• [The task] No pictures go in the copy. Restate, word for word, each line from the one containing "Longueur totale ~18inches (la chaîne est 16" through the last line below.

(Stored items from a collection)
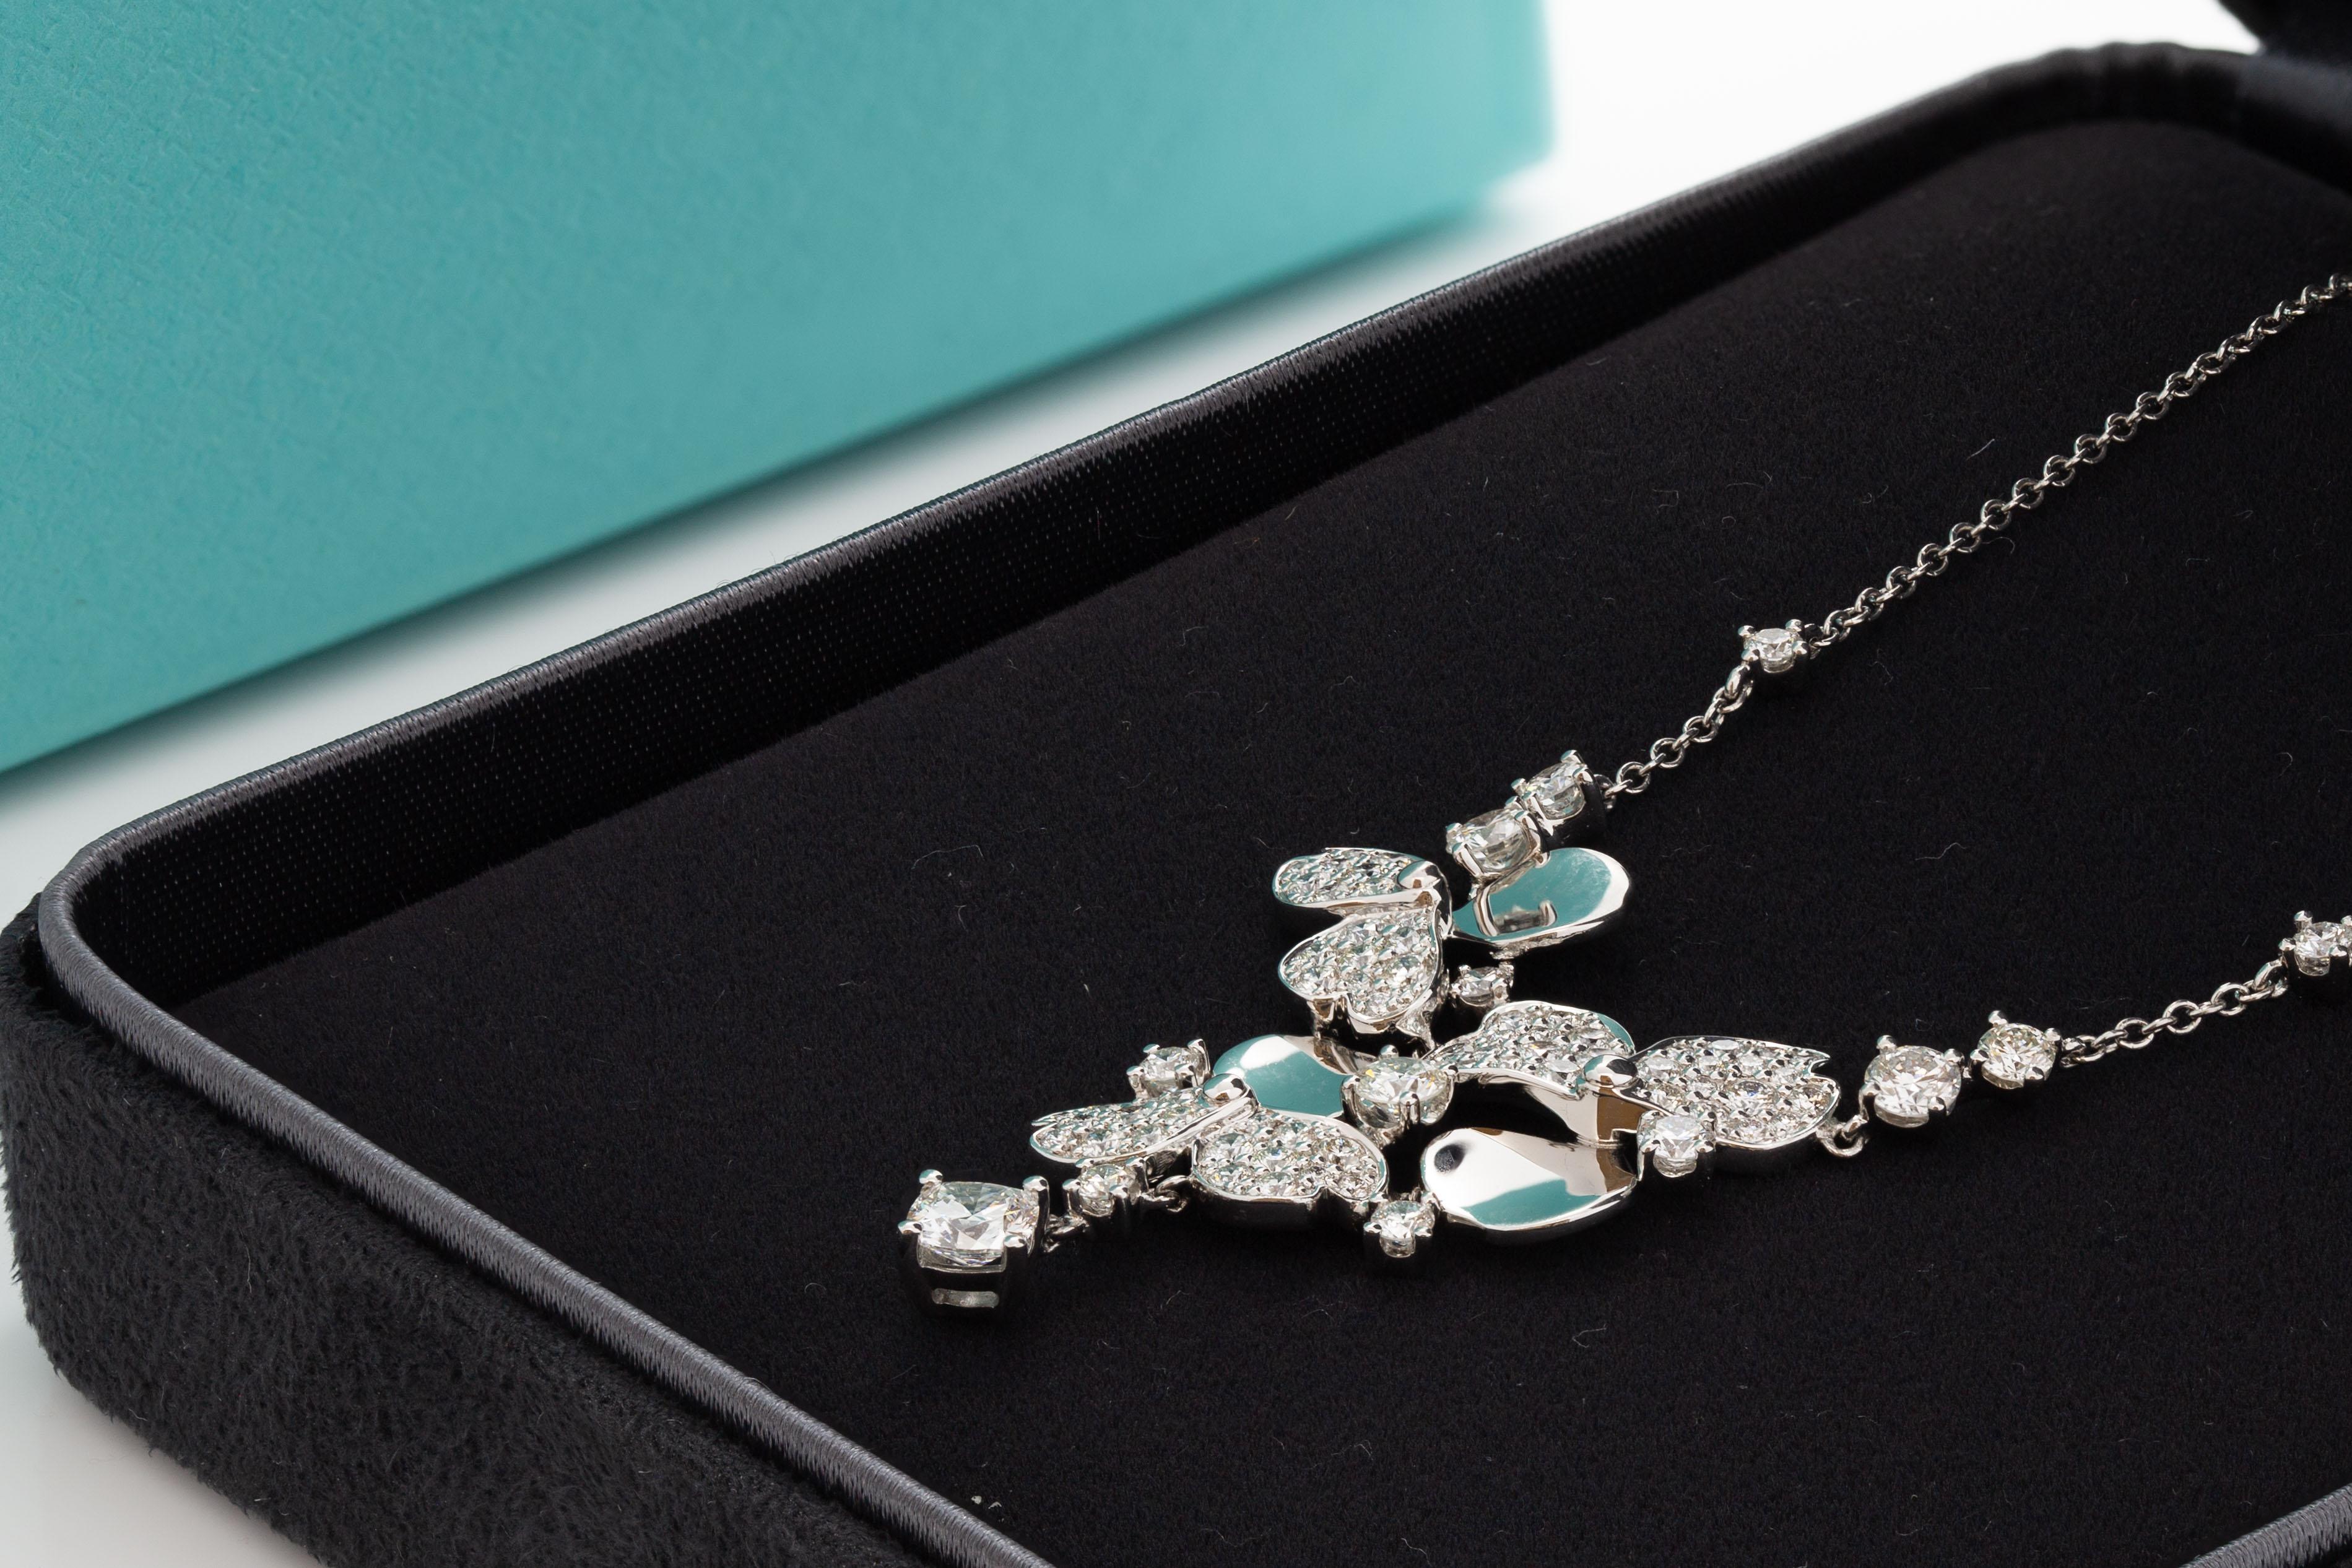 Tiffany & Co. Collier de fleurs en papier en diamant de platine.

Poids total en carats du diamant : 1,40 ct.

Une centaine de pierres

Longueur totale ~18inches (la chaîne est 16
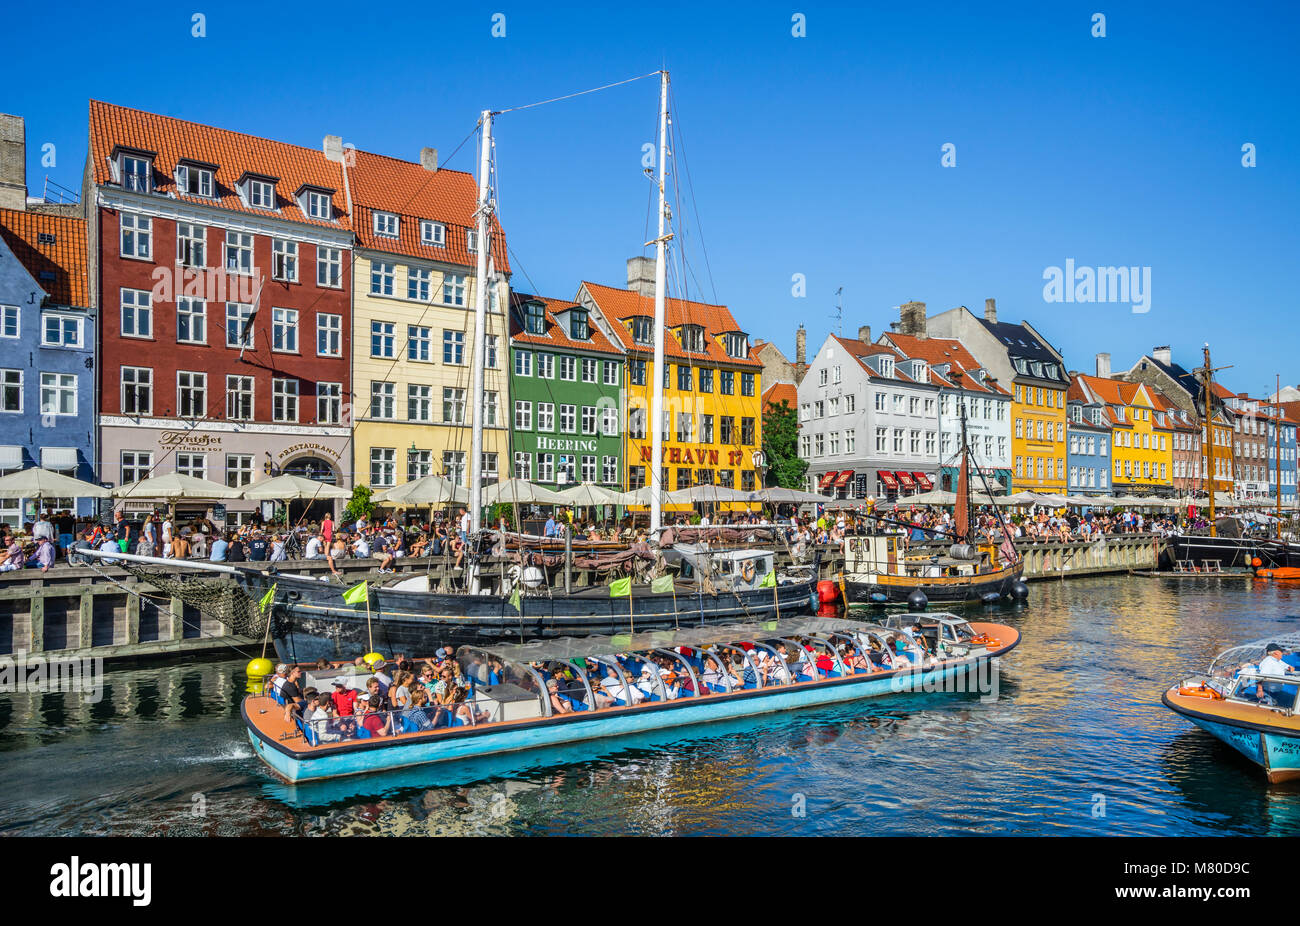 Le Danemark, la Nouvelle-Zélande, Copenhague, vue sur le front de mer du port canal de Nyhaven, avec des maisons aux couleurs vives, des restaurants, des cafés et de bois historique Banque D'Images

• [Output of the exercise]
Longueur totale ~18inches (la chaîne est 16
 Le Danemark, la Nouvelle-Zélande, Copenhague, vue sur le front de mer du port canal de Nyhaven, avec des maisons aux couleurs vives, des restaurants, des cafés et de bois historique Banque D'Images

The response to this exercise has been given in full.